You can customize the evaluation template by modifying the RMBenchTemplate.format() method:

# Example: Add domain-specific evaluation criteria
def format(cls, query: str, answers: List[str], domain: str = None, **kwargs) -> str:
    # Add domain-specific instructions
    domain_instructions = {
        "code": "Focus on code correctness, efficiency, and readability.",
        "math": "Evaluate mathematical accuracy and solution clarity.",
        "safety": "Assess safety and appropriateness of responses."
    }

    instruction = domain_instructions.get(domain, "")
    # ... rest of template logic

Matrix Analysis

Analyze the 3x3 comparison matrix in detail:

import numpy as np
import json

# Load results
with open("data/results/rmbench_results.json", "r") as f:
    results = json.load(f)

matrix = np.array(results["overall_accuracy"]["acc_matrix"])

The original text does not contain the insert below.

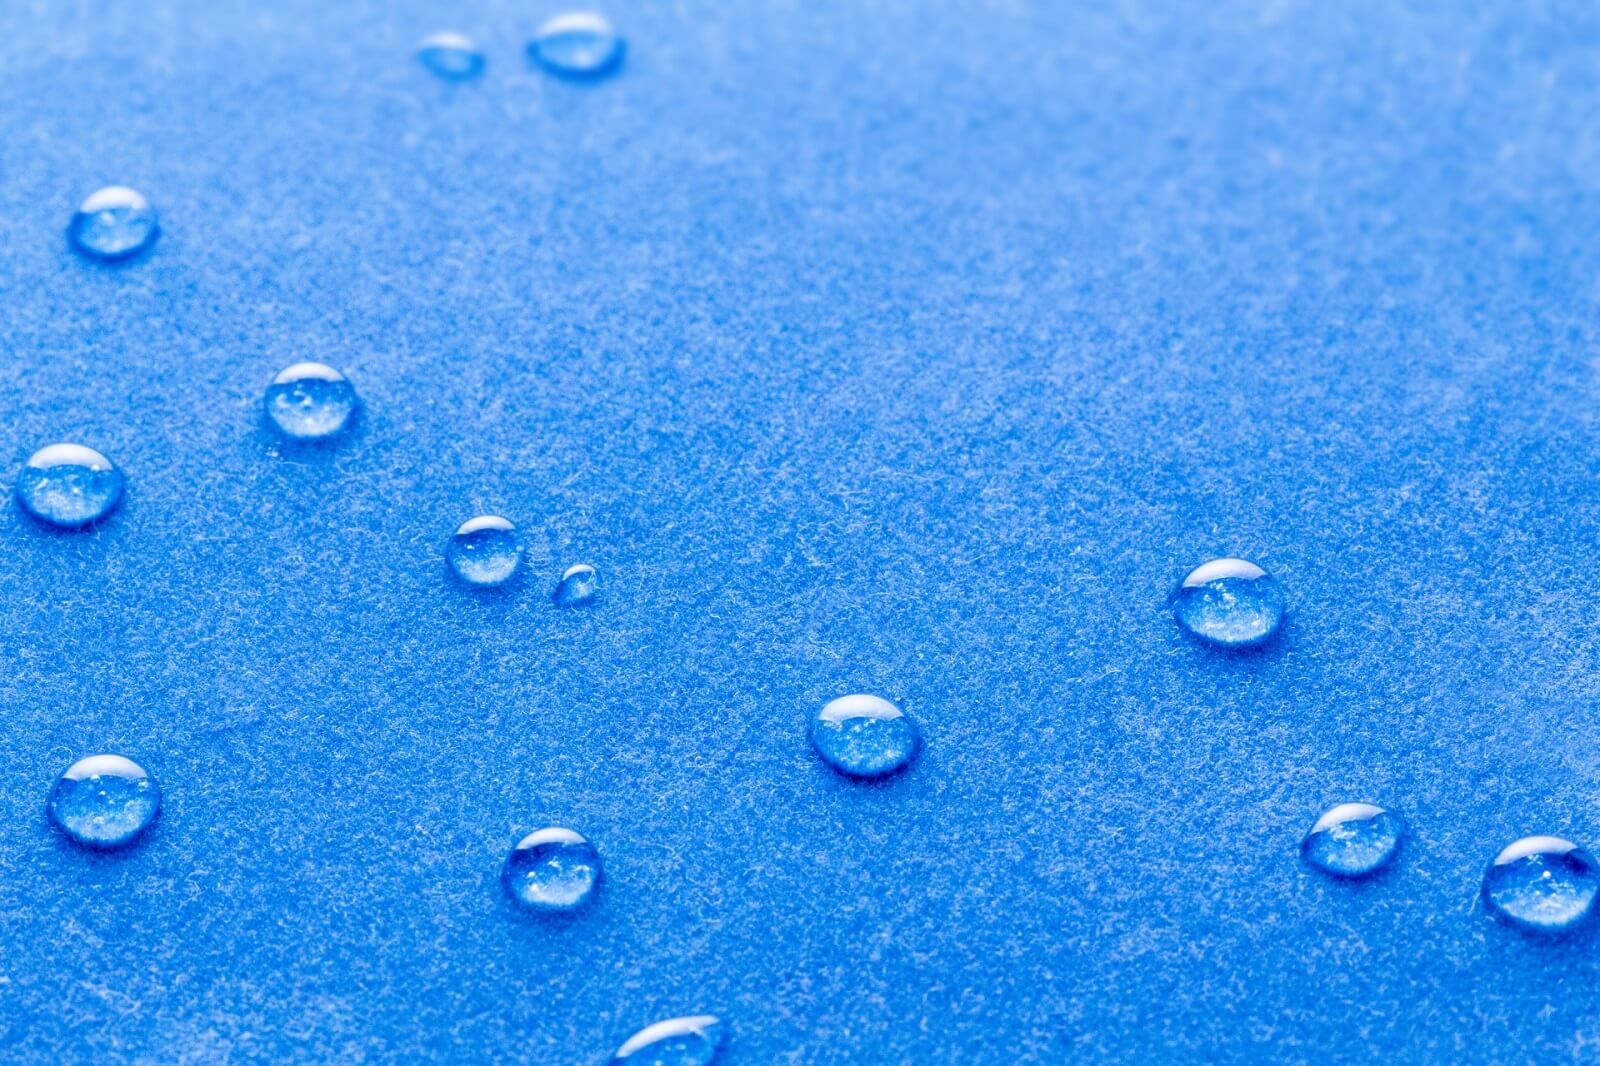 青色のボディにいくつもの水滴がついている様子。撥水加工が施されている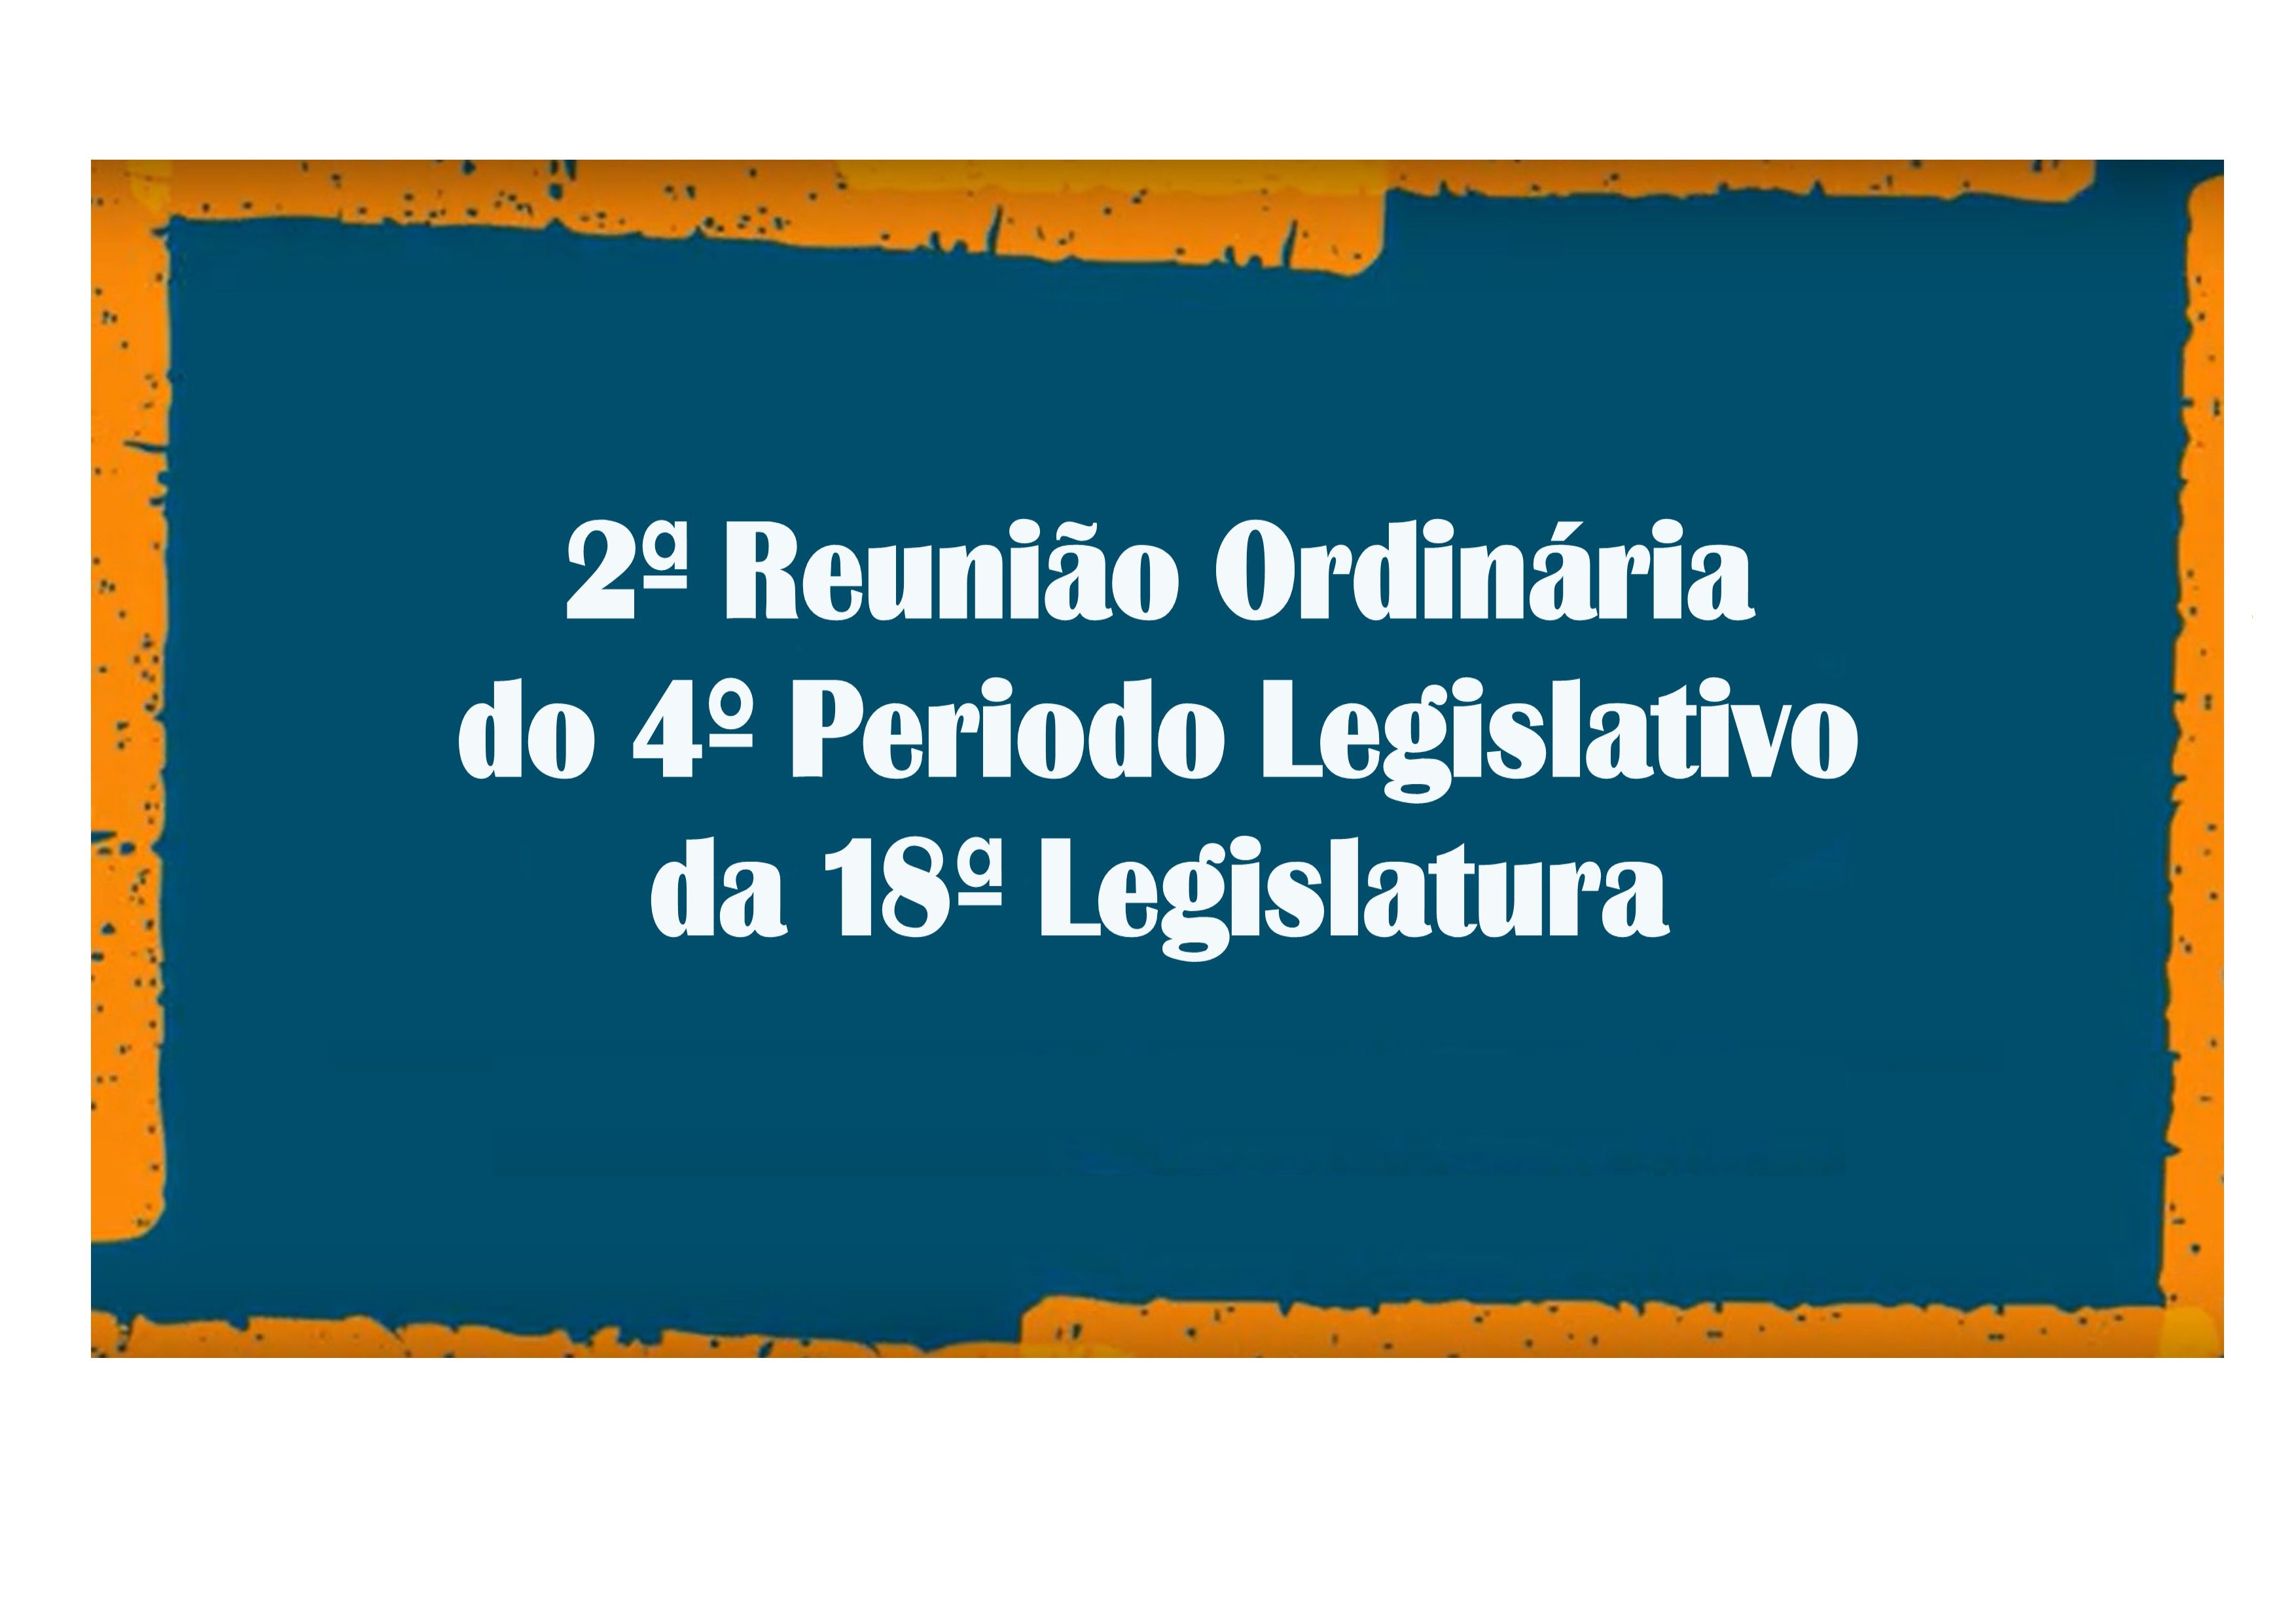 17/02/2020 - 2ª Reunião Ordinária do 4º Período Legislativo da 18ª Legislatura.

# Analyze preference patterns
print("Comparison Matrix:")
print(matrix)
print(f"Hard accuracy (upper right): {np.sum(np.triu(matrix, 1)) / 3:.2%}")
print(f"Normal accuracy (diagonal): {np.mean(np.diag(matrix)):.2%}")
print(f"Easy accuracy (lower left): {np.sum(np.tril(matrix, -1)) / 3:.2%}")

Best Practices

  1. Start with Small Samples: Begin with 10-20 samples for testing
  2. Monitor Matrix Completion: Check valid_samples vs total_samples ratio
  3. Analyze by Domain: Review performance across different content types
  4. Compare Accuracy Types: Focus on hard_acc as the most challenging metric
  5. Use Appropriate Models: Ensure models can handle style differentiation

This tutorial provides a comprehensive guide to using the RM-Bench evaluation system for assessing reward models with style and subtlety considerations. The unique 3x3 matrix approach offers deeper insights into model preferences across different response formats and sophistication levels.